My Ken-Bar Streaker build.

Seventy Won

Member
Messages
33
Reaction score
16
This is my first cart. Since you guys have kindly answered a few of my dumb questions, I thought I'd post up a few pics of my progress.

It was given to me by a friend. It had been given to him by one of his friends to repair in small engine class in High School. According to my friend "I never touched it. We just goofed around in small engine class". "The guy who gave it to me told me that all he thought it needed was a carb".

He had tried to give it away but the guy never came for it. I asked about it one day and it became mine on the spot.

I didn't know if it was junk or not. The front tires were badly cracked. The rear tires had multiple plugs and didn't hold air. The carb, elbow and air box were missing. The battery, key and seat were also long gone. The front wheel bearings were bad. The rear axle bearings were questionable. One brake lever (on the caliper) was literally broken. The gas peddle had been cut/broke and re-welded...poorly. The fuel tank was badly cracked. The rope starter was missing.

Midway into the resto I learned that the jack shaft was shot. The bearing nearest the drive had gone south and allowed the shaft to wobble. This wobble was masked by the belt tension. This wobble eventually cracked the frame under the bearing pillow block.

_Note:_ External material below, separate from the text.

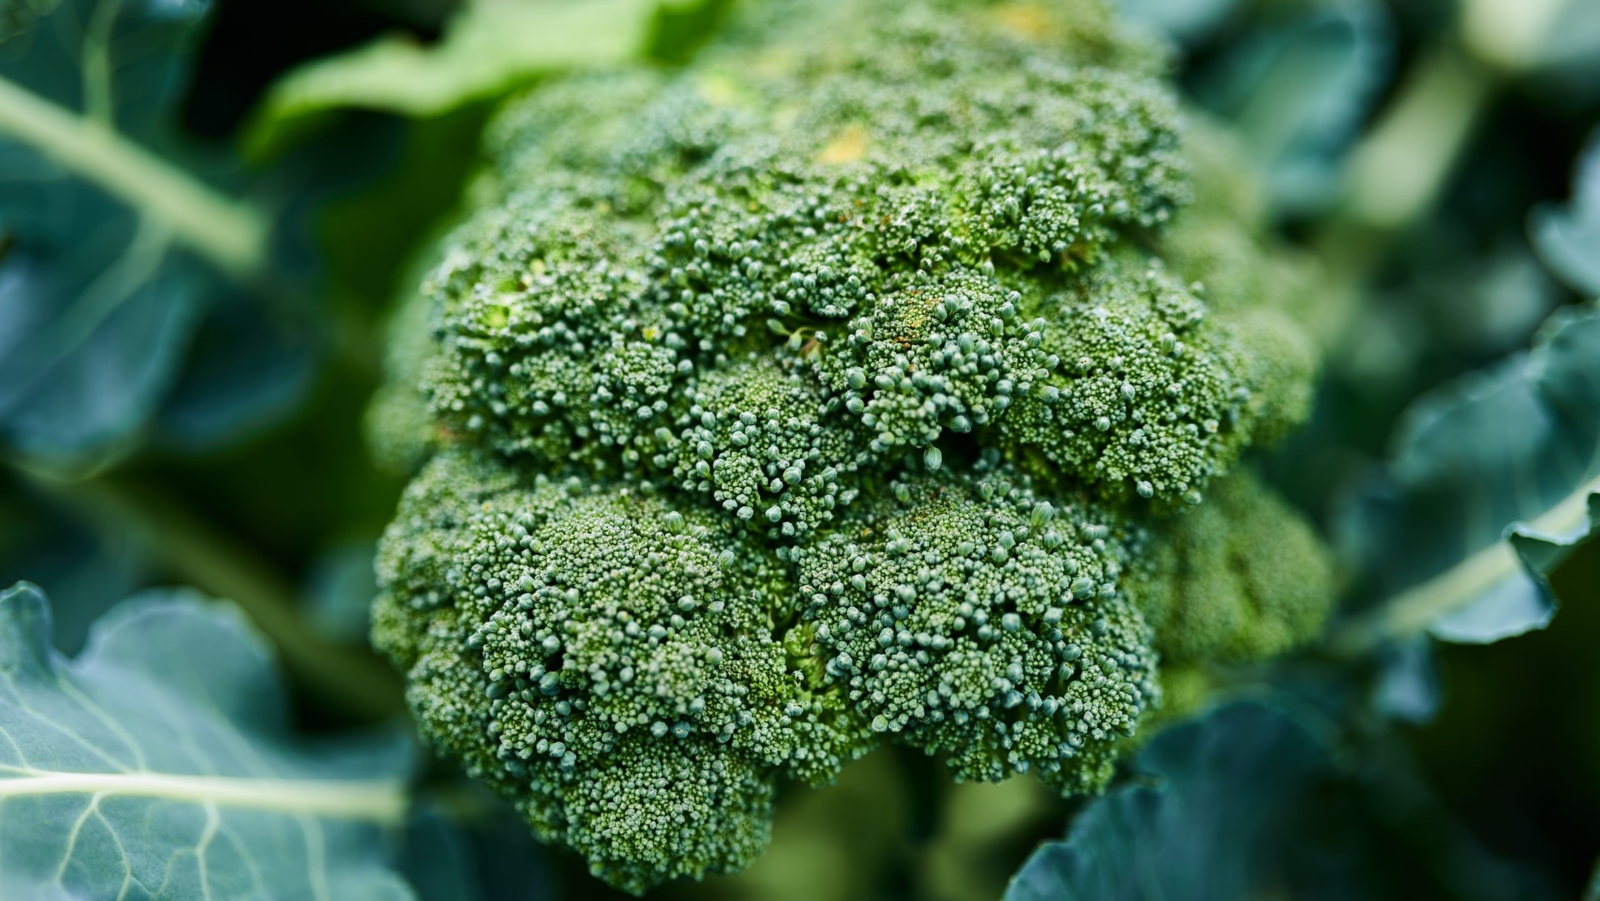 Photo of broccoli by Hans Ripa on Unsplash

The rust was pretty extensive.

Despite this, I'm redoing it.







.
 

Attachments

  • 101_0841.JPG
    101_0841.JPG
    2.4 MB · Views: 42
  • 101_0842.JPG
    101_0842.JPG
    2.3 MB · Views: 41
  • 101_0843.JPG
    101_0843.JPG
    2.5 MB · Views: 37
  • 101_0844.JPG
    101_0844.JPG
    2.4 MB · Views: 33
  • 101_0870.JPG
    101_0870.JPG
    2.4 MB · Views: 33

Seventy Won

Member
Messages
33
Reaction score
16
I got it running for about $30. A $22 Chinese carb, $7 rope starter, quart of oil and plug was all that it needed. The test ride shocked me...and almost killed me. It's really got some punch. It doesn't have brakes...at all. Nothing.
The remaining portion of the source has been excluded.